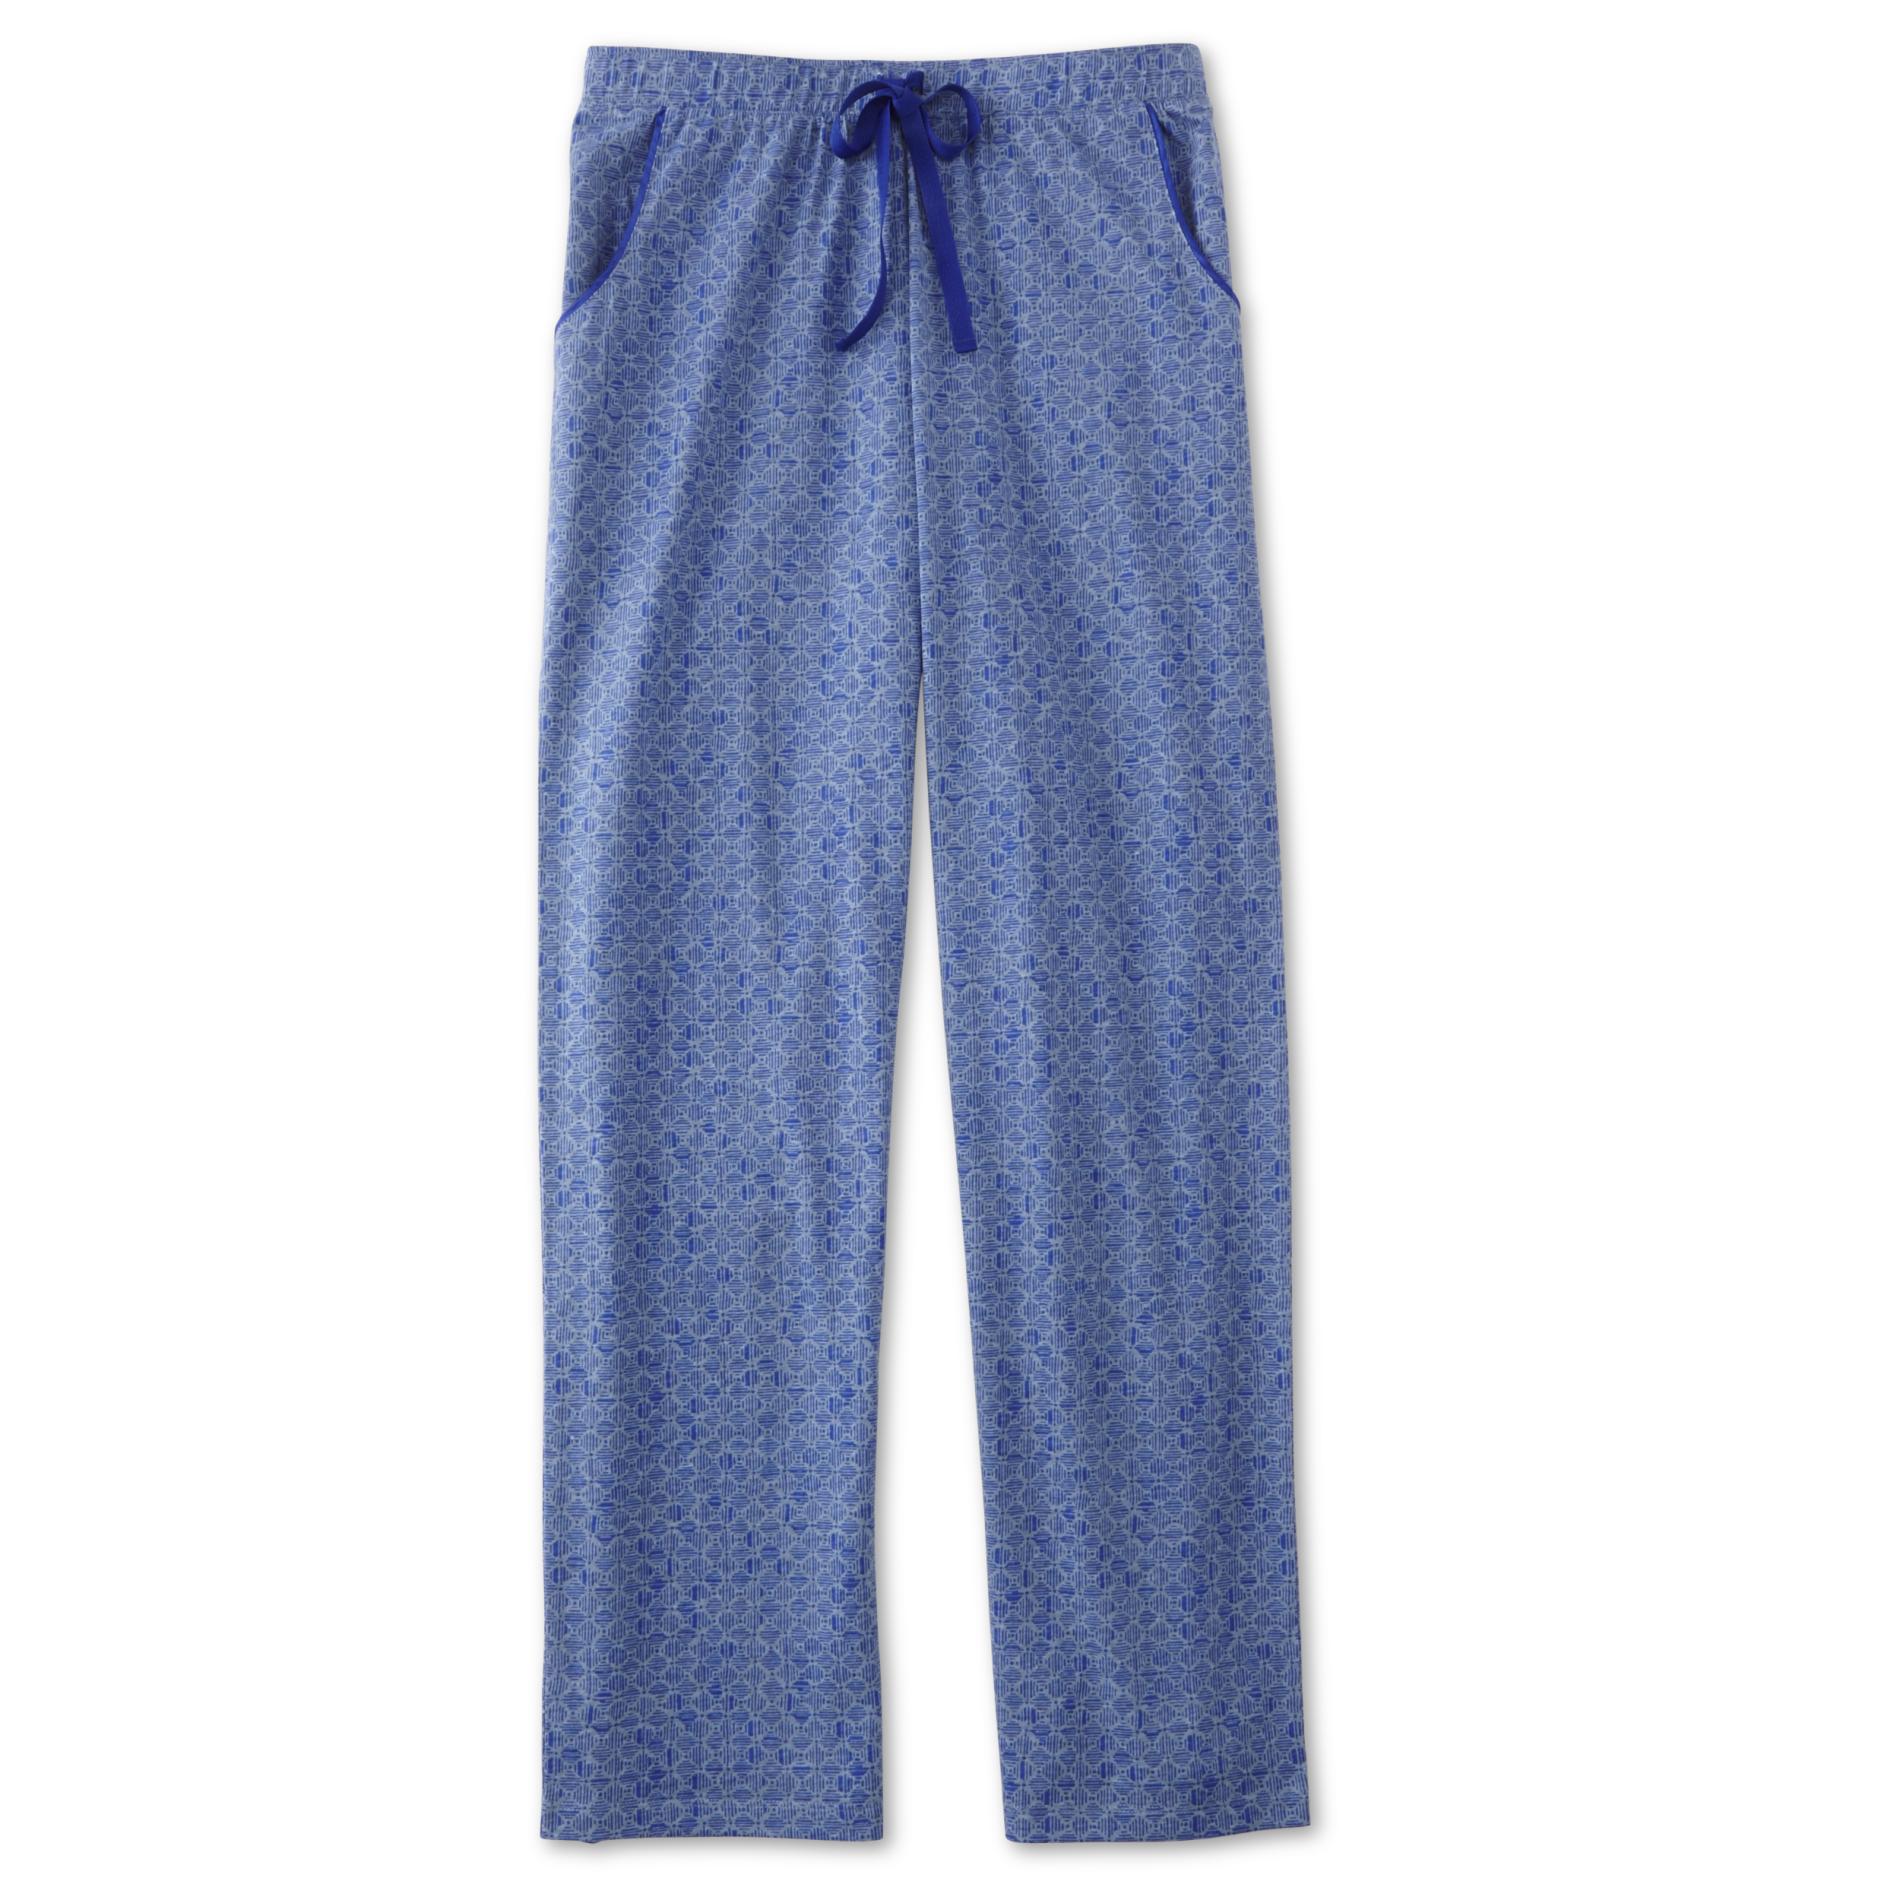 Simply Styled Women's Pajama Pants - Geometric
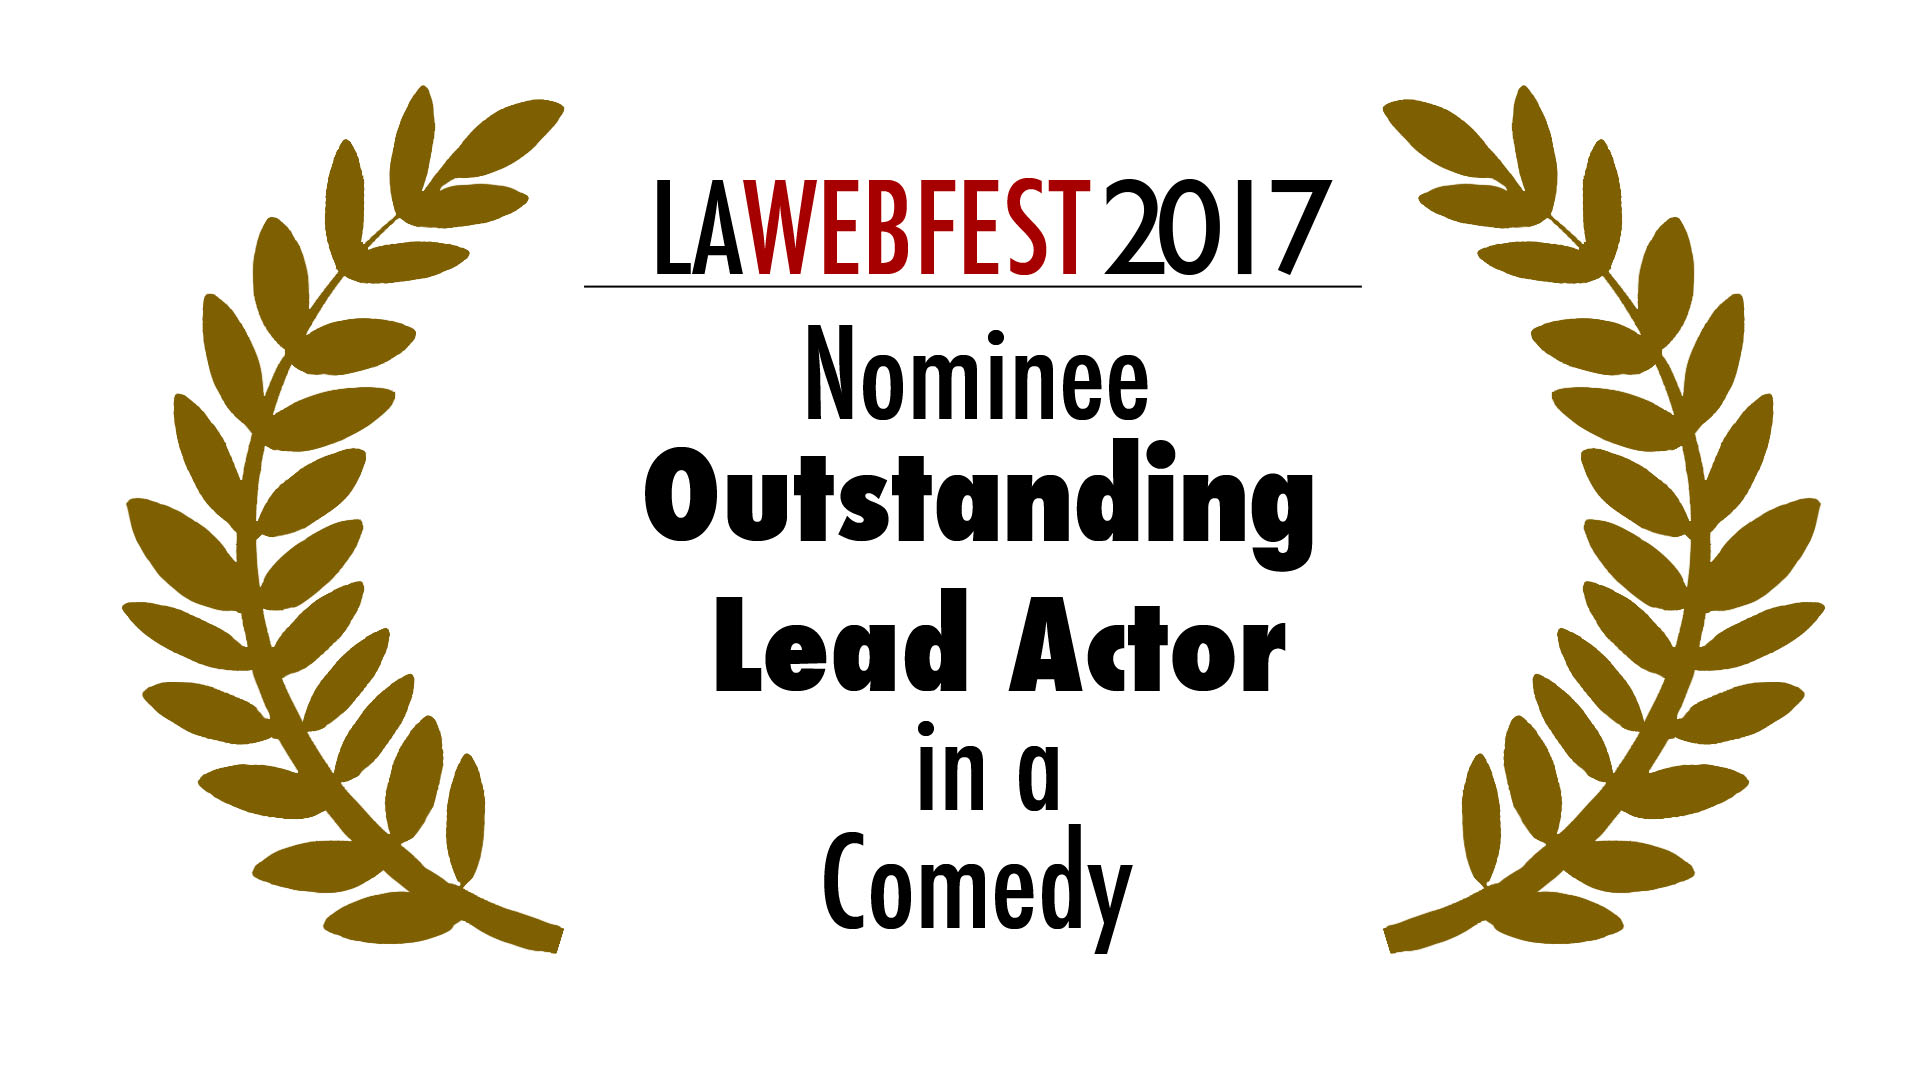 LA Webfest 2017 Lead Actor nominee
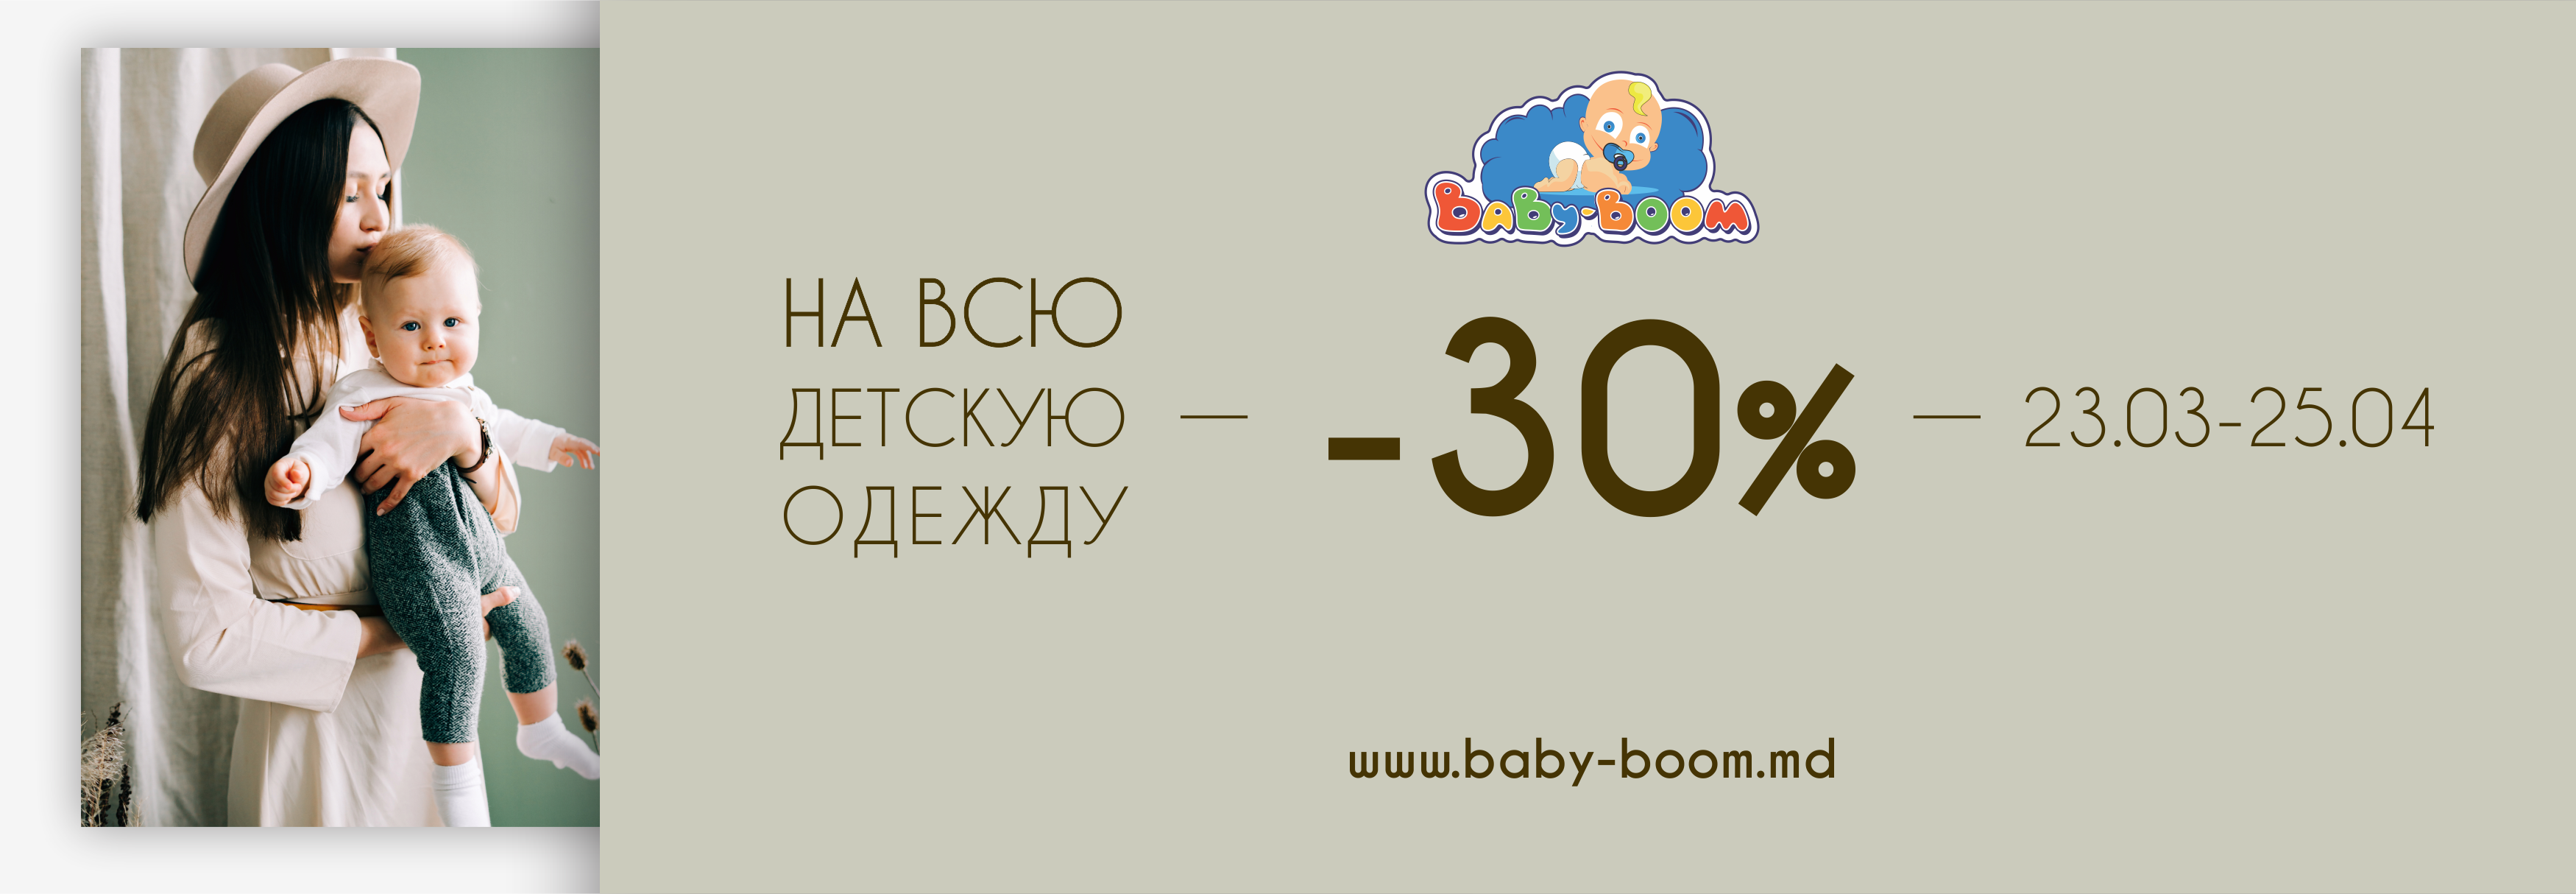 odezhda-30-do-2504
———
Please restate the material word for word; the pictures stay out.

## ANSWER TO THIS TASK
 Simply Styled Women's Pajama Pants - Geometric
 LA Webfest 2017 Lead Actor nominee
 odezhda-30-do-2504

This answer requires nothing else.